YOUR TASK
Repeat the listing verbatim. Drop any pictures.

MATERIAL PROVIDED

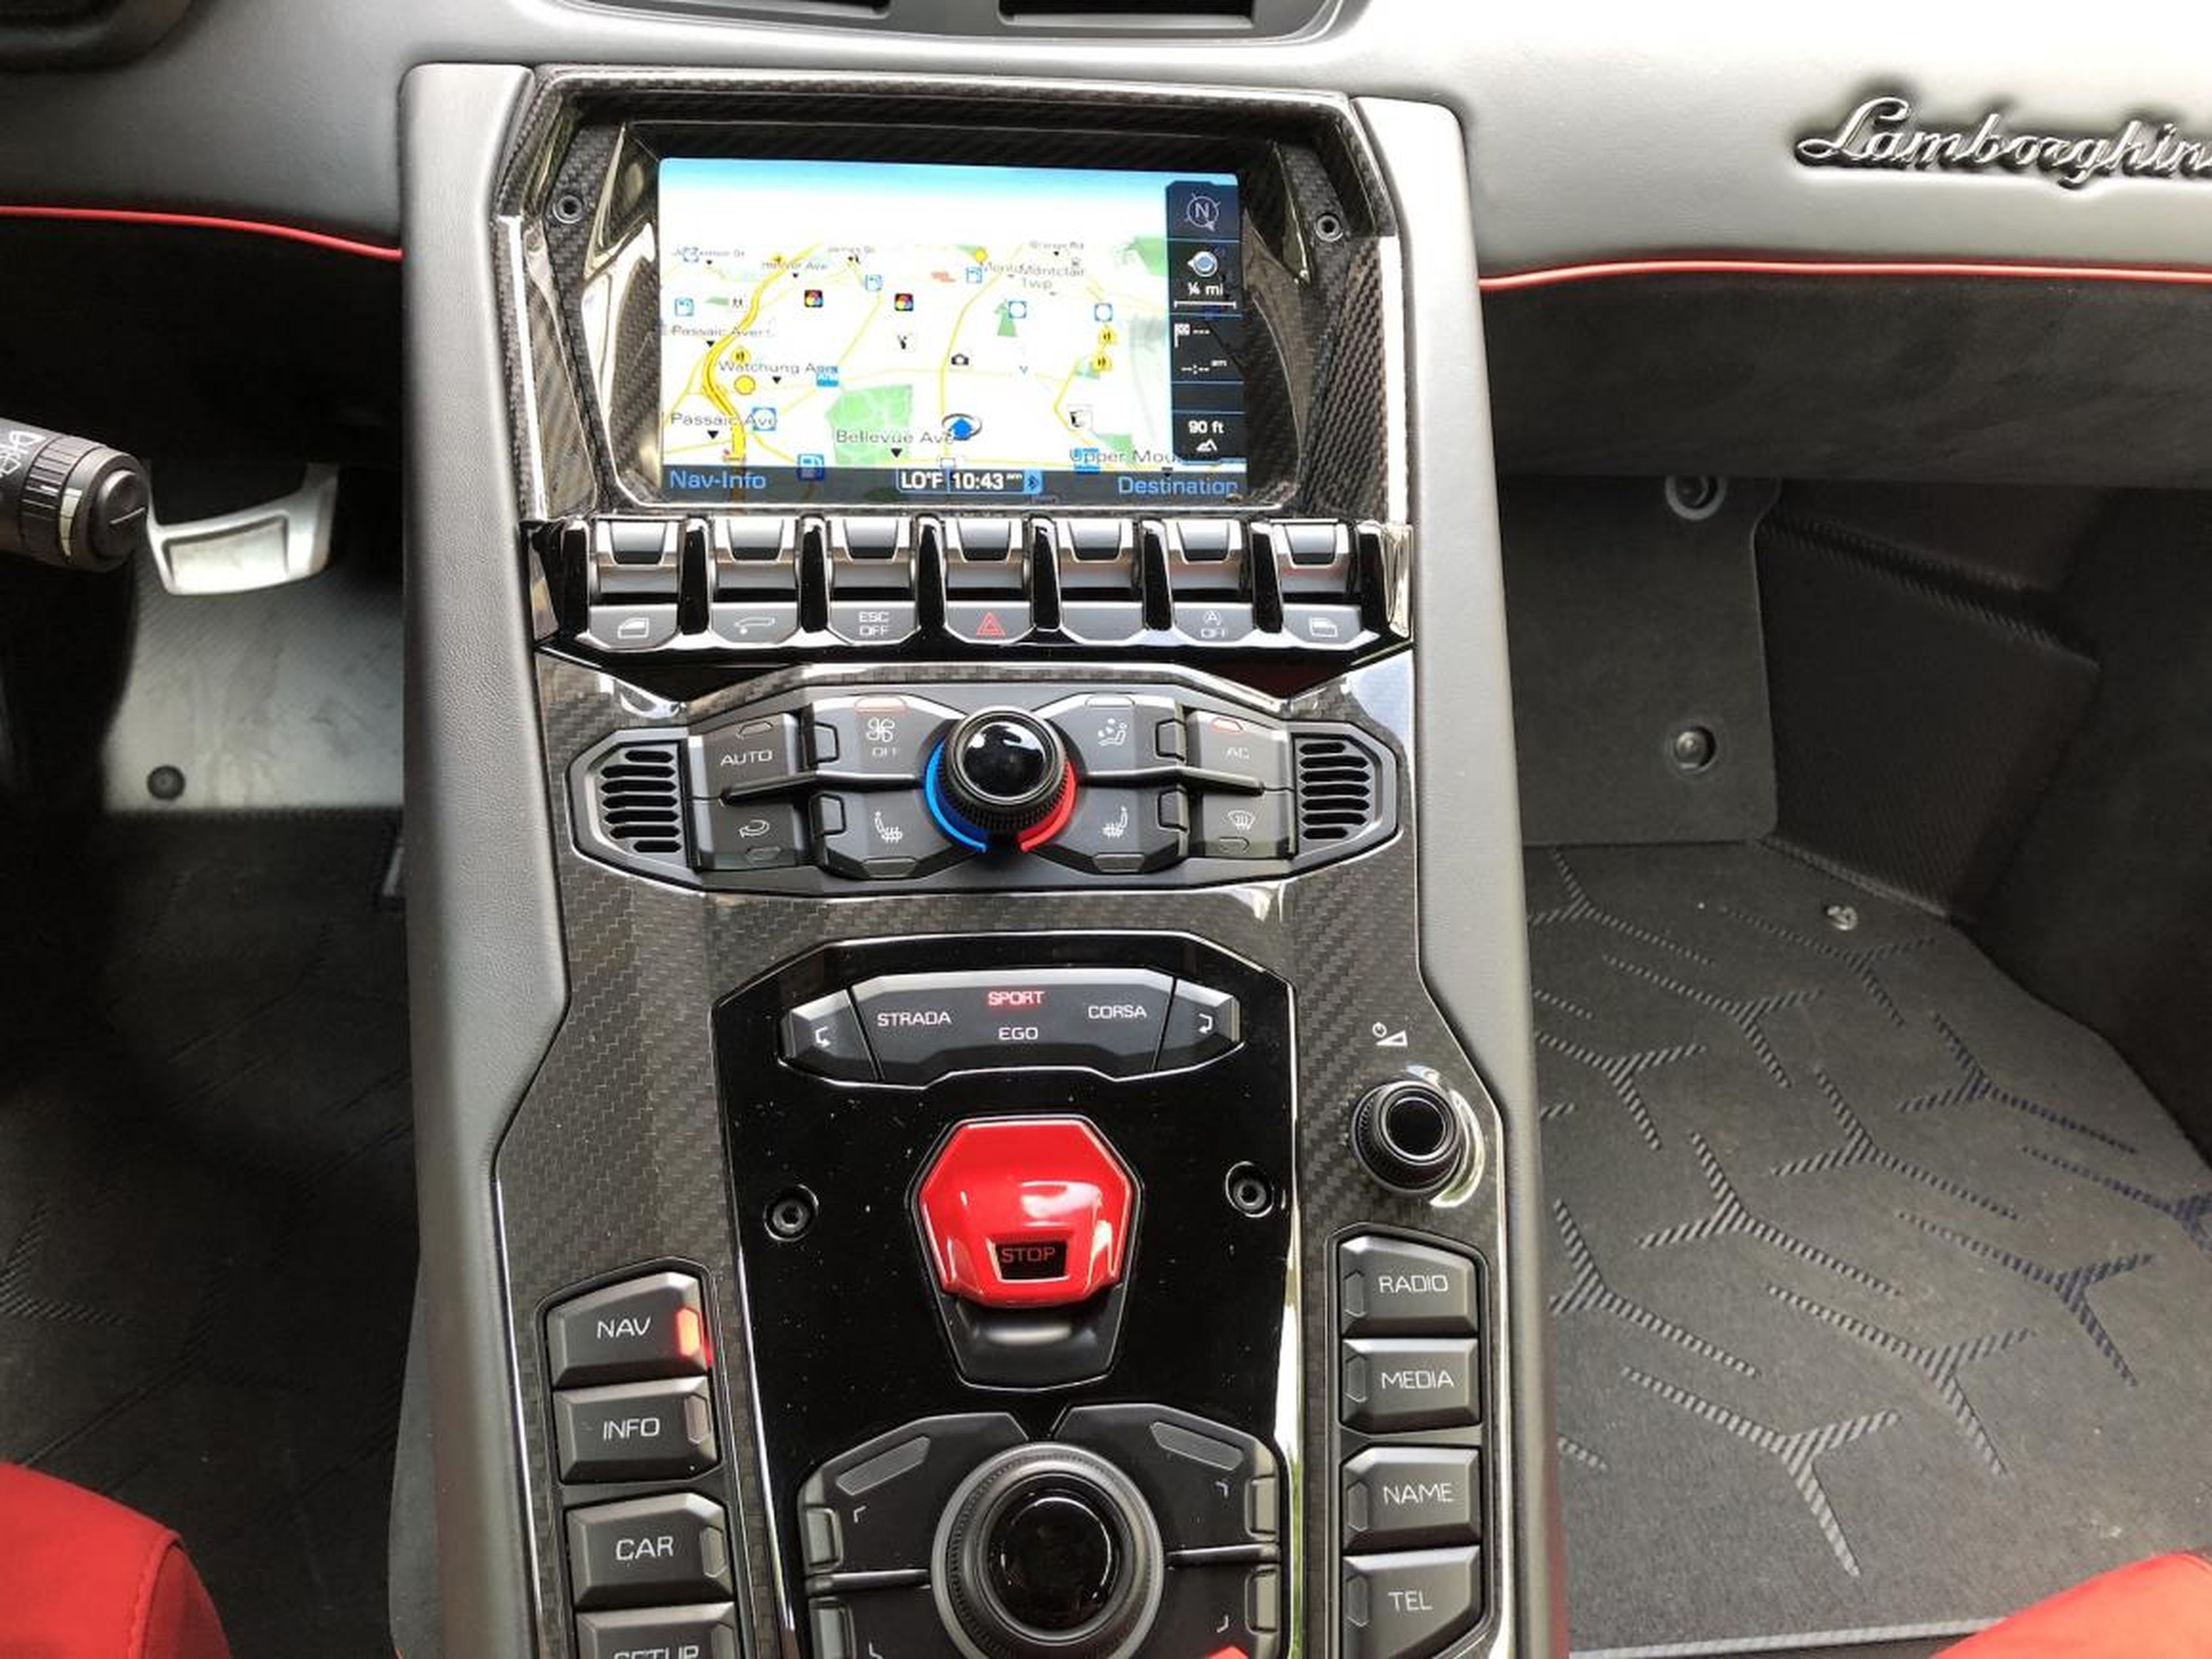 La pantalla de información y entretenimiento, derivada de Audi, se encuentra en la parte superior de la consola central. Es cómoda de usar, pero es un poco incómodo navegar usando la interfaz que viene.
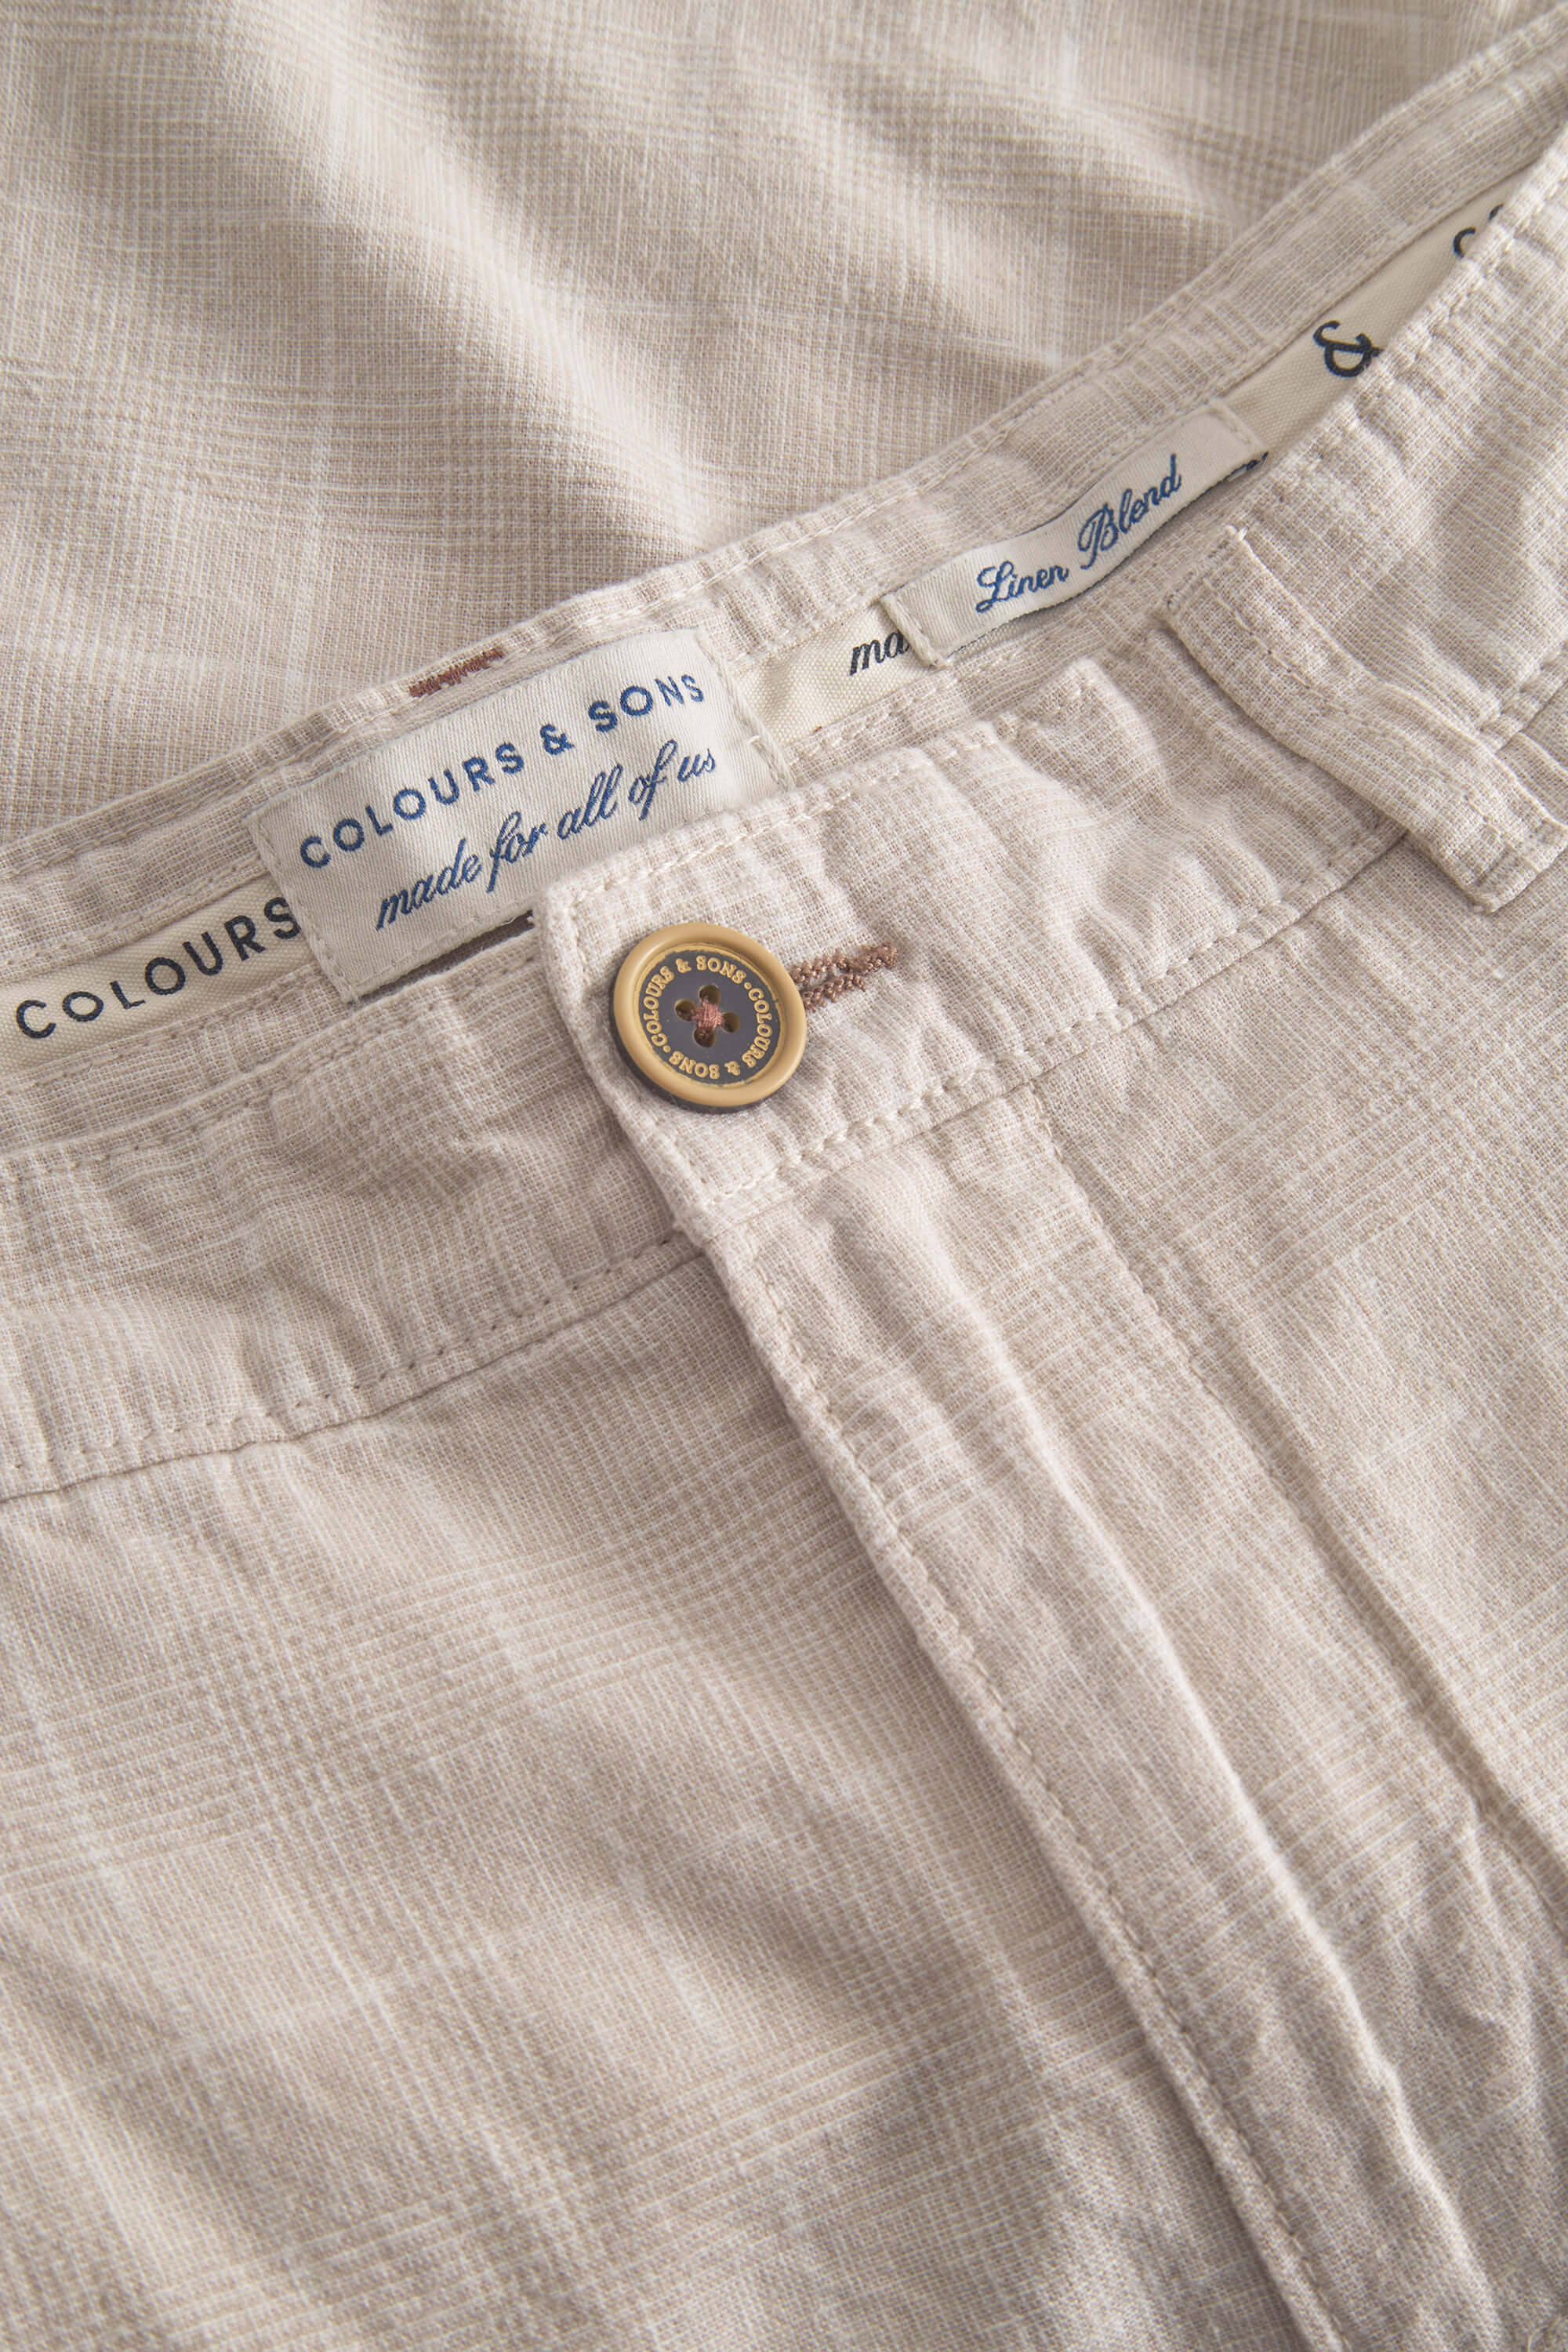 Herren Shorts, beige, 55% Leinen 45% Baumwolle von Colours & Sons
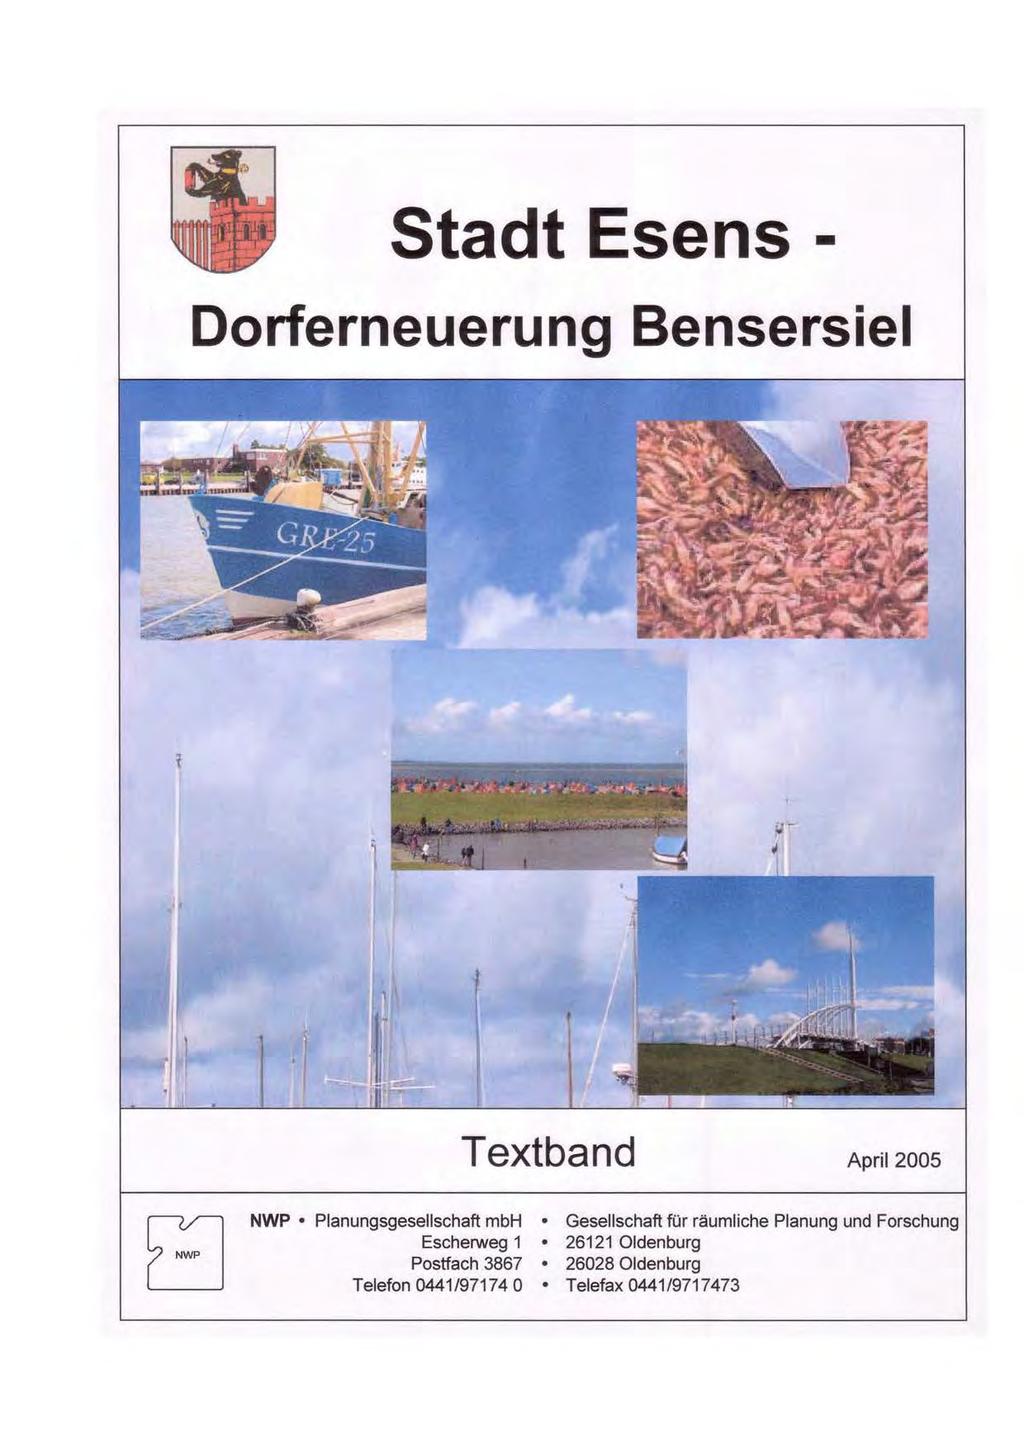 Stadt Esens - Dorferneuerung Bensersiel Textband April 2005 NWP Planungsgesellschaft mbh Gesellschaft für räumliche

YOUR RESPONSE
 La pantalla de información y entretenimiento, derivada de Audi, se encuentra en la parte superior de la consola central. Es cómoda de usar, pero es un poco incómodo navegar usando la interfaz que viene.
 Herren Shorts, beige, 55% Leinen 45% Baumwolle von Colours & Sons
 Stadt Esens - Dorferneuerung Bensersiel Textband April 2005 NWP Planungsgesellschaft mbh Gesellschaft für räumliche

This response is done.